To keep weapons from becoming obsolete too quickly, Shadow Warrior 3 often limits ammo to force you to change your strategy. Although ammo can be found on the ground in most areas, this supply will eventually run out during combat, and after that, the only way to get more is to kill enemies with a katana. The lack of health encourages the opposite, prompting you to shoot enemies in an attempt to gain health. Doom’s own strategy of sawing enemies in half with a chainsaw to get a blast of ammo and health is a clear inspiration here. but Shadow Warrior 3 turns it into a continuous blob of supplies instead of a concentrated blast.

 

This system not only ensures that you never run out of ammo or health packs completely, but also ensures that you use every weapon that Shadow Warrior 3 has to offer. You won’t survive just by shooting or stabbing, and instead you’ll have to use both to reap all the potential rewards. Holding resources hostage like this is a little hard, but it ended up being a fun way to keep me on my toes and pushed me to change my approach often, even if it meant taking on a massive demon with a comparatively tiny sword.

Bloody weapons can confuse this system, but only a little. After performing a finishing blow on an enemy, Lo Wang will rip out a new weapon or buff from him – flying heads of shotguns that shoot lasers, for example, can be torn apart and turned into a grenade that spews lasers like a disco ball. While this may seem like it expands your arsenal beyond the usual six options on paper, I’ve never found Horus weapons to be extremely useful in practice. They’re a welcome quirk on top of the vanilla Shadow Warrior 3 gameplay, but they’re not always reliable.

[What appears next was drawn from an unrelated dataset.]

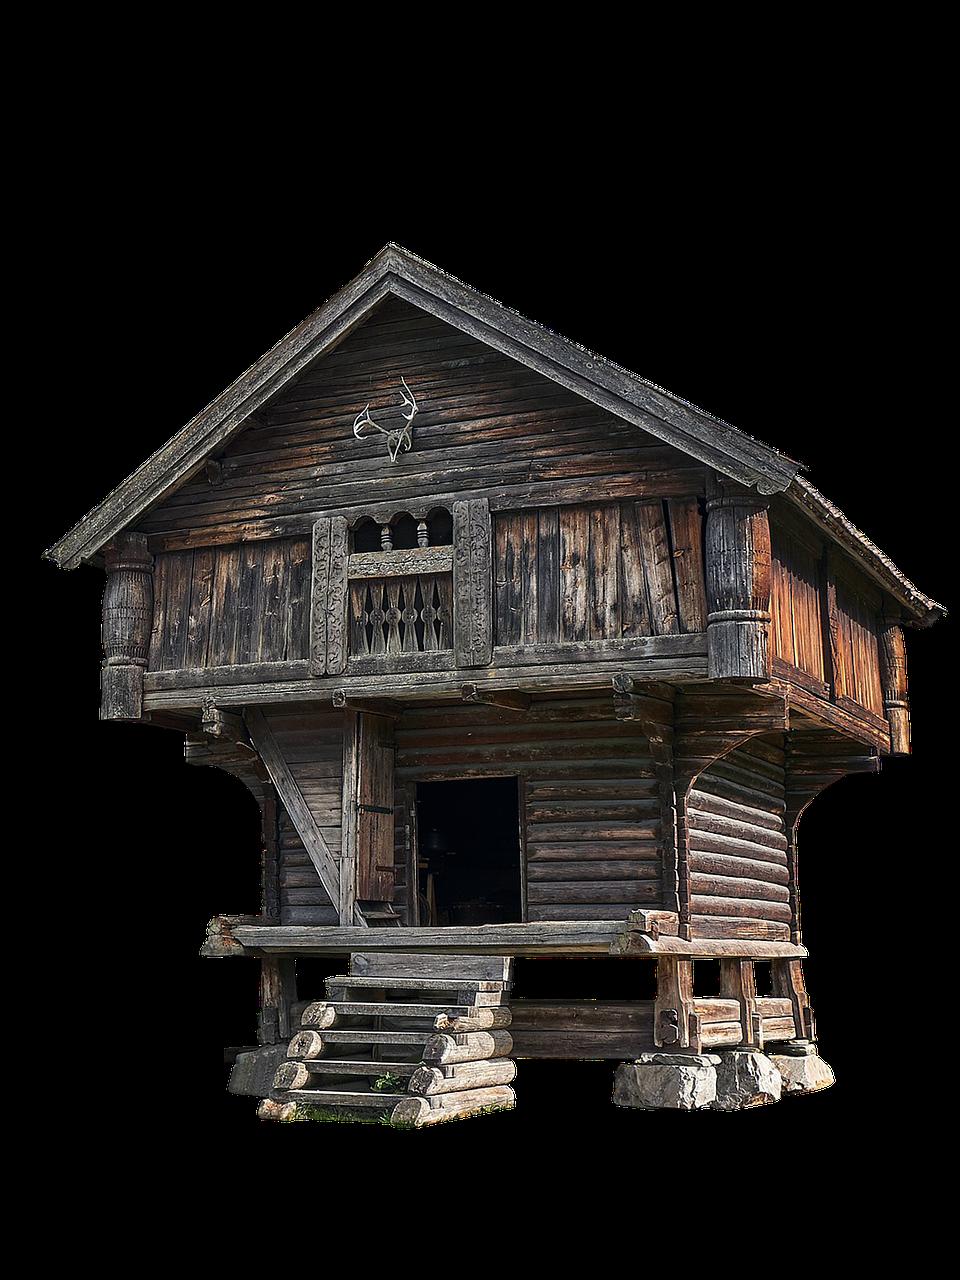 Chalet House Cabin Cottage  - jean52Photosstock / Pixabay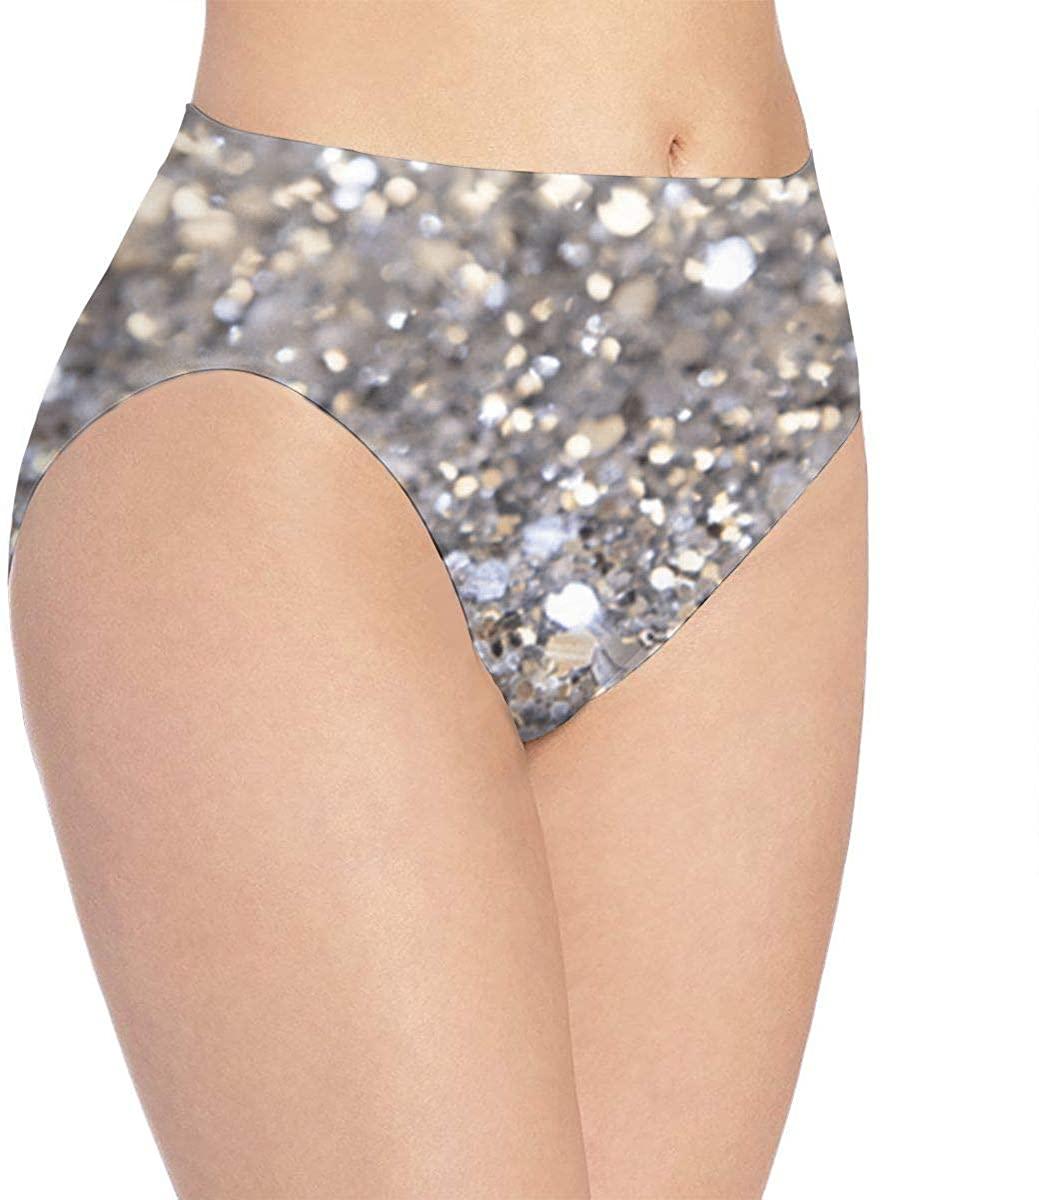 DMoMoMD Women Underwear Silver Glitter Briefs Soft Sexy Bikini Panty

The only part of Shadow Warrior 3 that I hoped to stop was how much Lo Wang talked.


Instead, what kept me interested in combat during my short time with Shadow Warrior 3 was, again, its pace. The campaign will give me a new weapon, just like I was hoping for another one to be added to my arsenal, and it completes levels just as they are about to expire their hospitality. In fact, the only part of Shadow Warrior 3 that I actively hoped to stop was how much Lo Wang talked. Shadow Warrior has a reputation for goofy humor, and this one seriously continues that attitude, almost as if he’s proud to wear the “our character’s name is still a penis joke” badge.

Listening to Luo Wan joking after killing the demons eventually becomes tiresome. Shadow Warrior 3 does a great job of cutting out unnecessary dialogue, but it can’t do the same with the jokes that come out of its protagonist’s mouth. Two hours after the release of Shadow Warrior 3, I thought I had already heard all the jokes and puns for Lo Wang, but they only annoyed me when they started to repeat themselves.